Осенью этого года некоторые друзья, в числе которых находился и этот гобоист со своей невестой, пригласили меня на деревенскую свадьбу в нескольких часах от Вюрцбурга. Там веселились по-крестьянски: много пили и танцевали, причем я сам пробовал воскресить свое уменье играть на скрипке, но оказался куда ниже всех требований своих партнеров. Но тем значительнее были успехи моей особы у доброй Фридерики, с которой я несколько раз пронесся в бешеном танце по рядам собравшихся крестьян. Воспользовавшись благоприятным случаем и общей возбужденностью, упразднившей все условности, мы, в то время как официальный жених был занят игрой, невольно обнялись и несколько раз поцеловались. Когда жених, заметивший нежную непринужденность в обращении Фридерики со мною, печально, но не возмущенно подчинился своей участи, во мне проснулось лестное чувство самодовольства.
До сих пор я не имел повода предаваться тщеславным мыслям насчет того, что я могу произвести благоприятное впечатление на молодую девушку. Я не имел ни малейшей иллюзии относительно своей внешности, относительно своей привлекательности и в самом деле никогда не замечал, чтобы взоры красивых девушек останавливались на мне. Но зато у меня постепенно выработалась известная самоуверенность в обращении со сверстниками своего пола. Необычайная живость и постоянно готовый вспыхнуть энтузиазм придавали мне силу, увлекавшую и ошеломлявшую моих более инертных товарищей.
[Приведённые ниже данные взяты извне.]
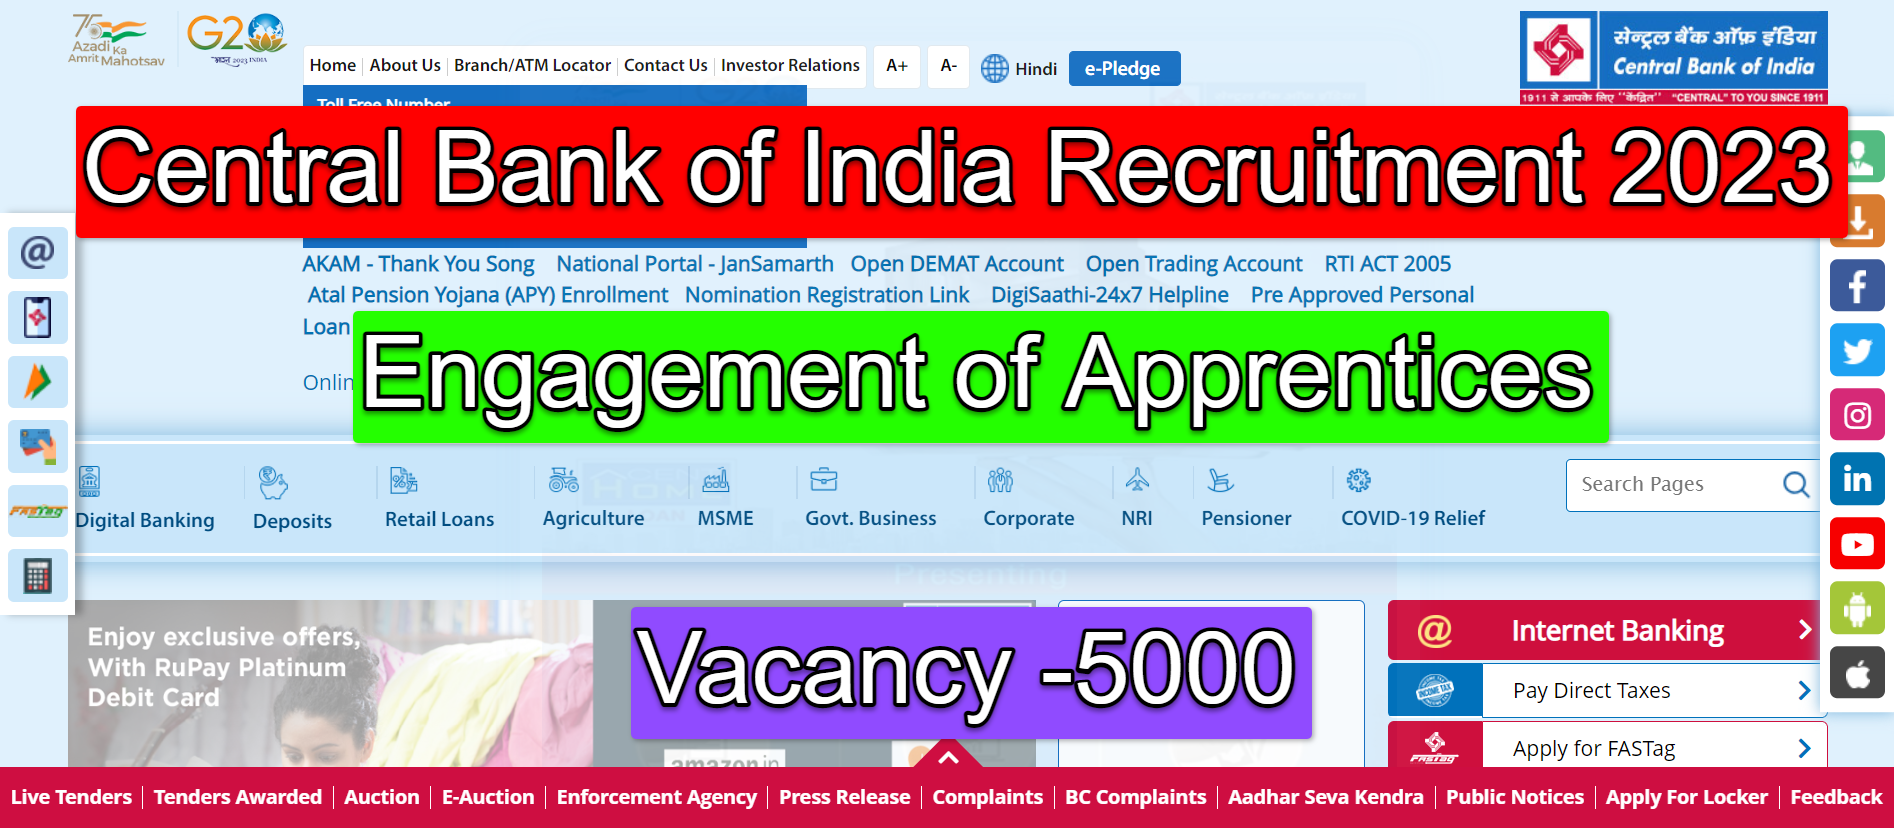 Central Bank of India Recruitment 2023 -Engagement of Apprentices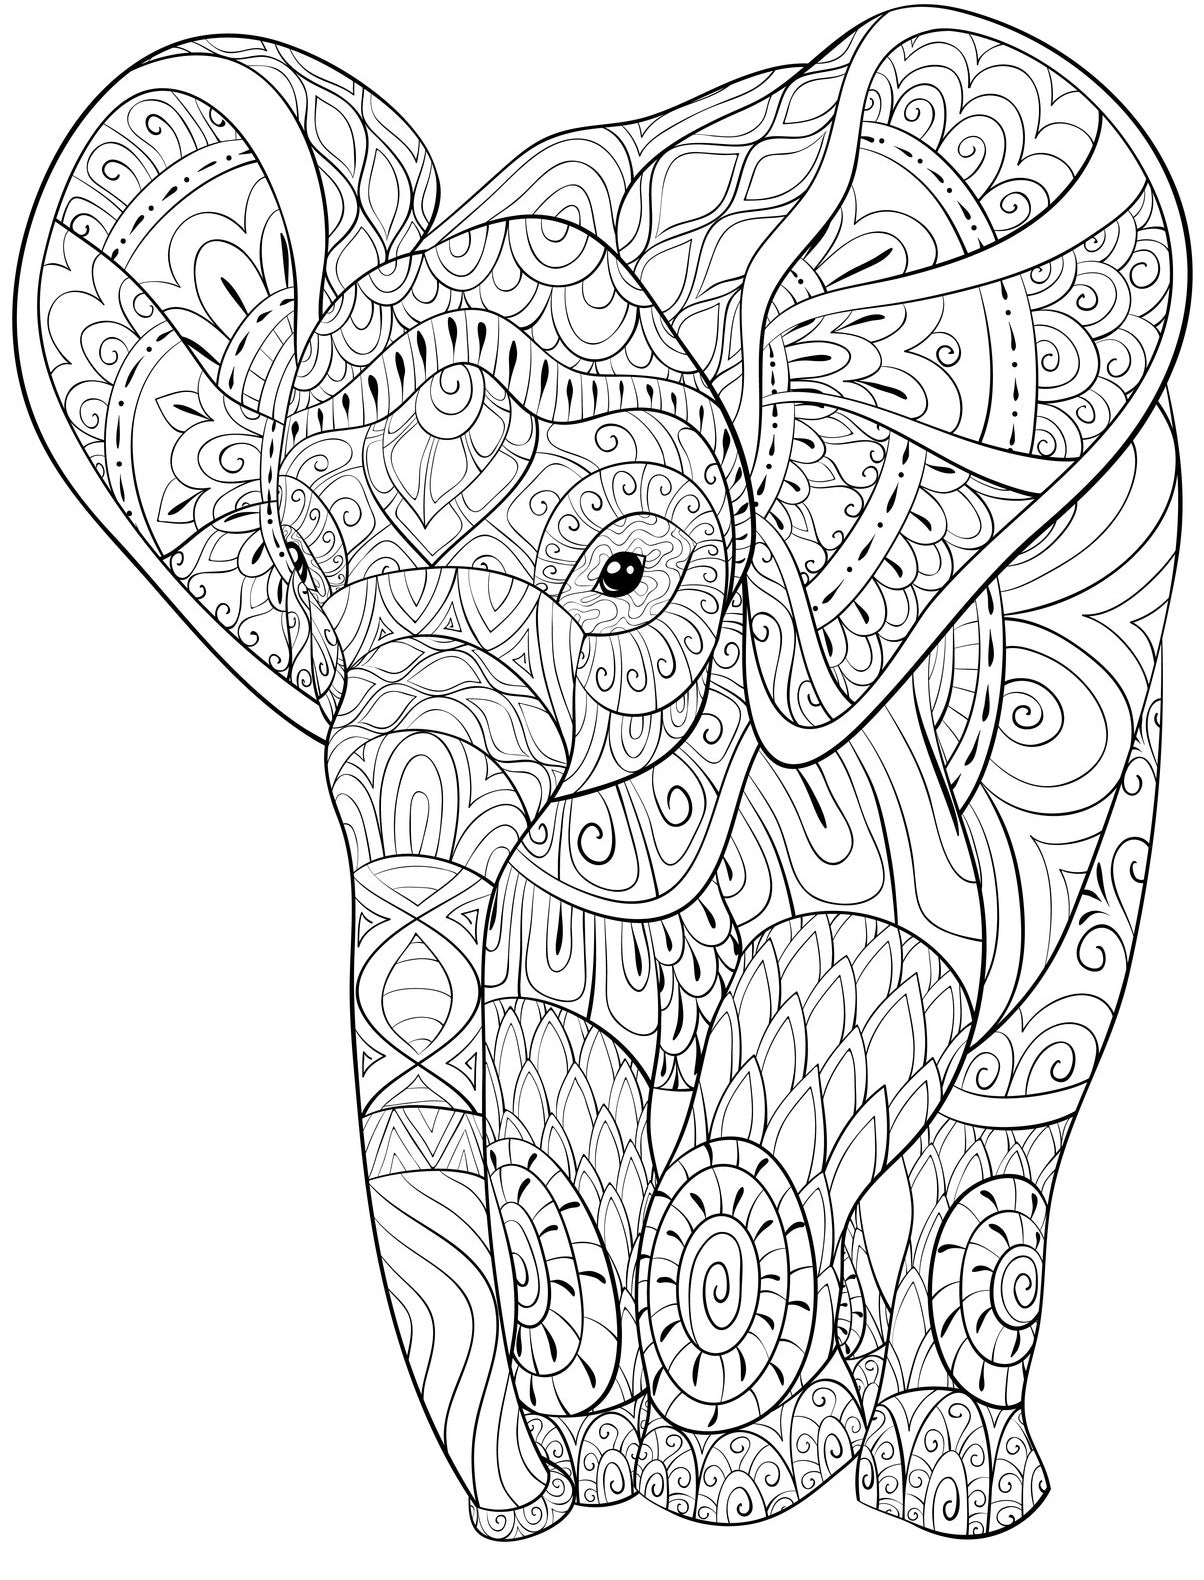 Elephants, PDF Coloring Book - The Largest African Animals in Relaxing –  Rachel Mintz Coloring Books

По молчаливым, сдержанным страданиям бедного гобоиста, когда он заметил пылкое сближение со мной его нареченной невесты, я, как уже сказано, в первый раз почувствовал, что стою чего-нибудь не только в глазах мужчин, но и в глазах женщин. Франконское вино тем временем делало свое дело, повышая все более и более мое возбуждение, и под конец мы с Фридерикой вели себя, как всеми признанная любовная парочка. Далеко за полночь, почти на рассвете, отправилась вся компания на длинных дрогах обратно в Вюрцбург. Возвращение это было триумфом, увенчавшим мое приятное приключение. В то время как все остальные, а среди них и озабоченный гобоист, утомленные винными парами, предавались сладкому предутреннему сну, я бодрствовал, прислонившись к щеке Фридерики. Мы слушали пение жаворонков, несшееся навстречу восходящему солнцу.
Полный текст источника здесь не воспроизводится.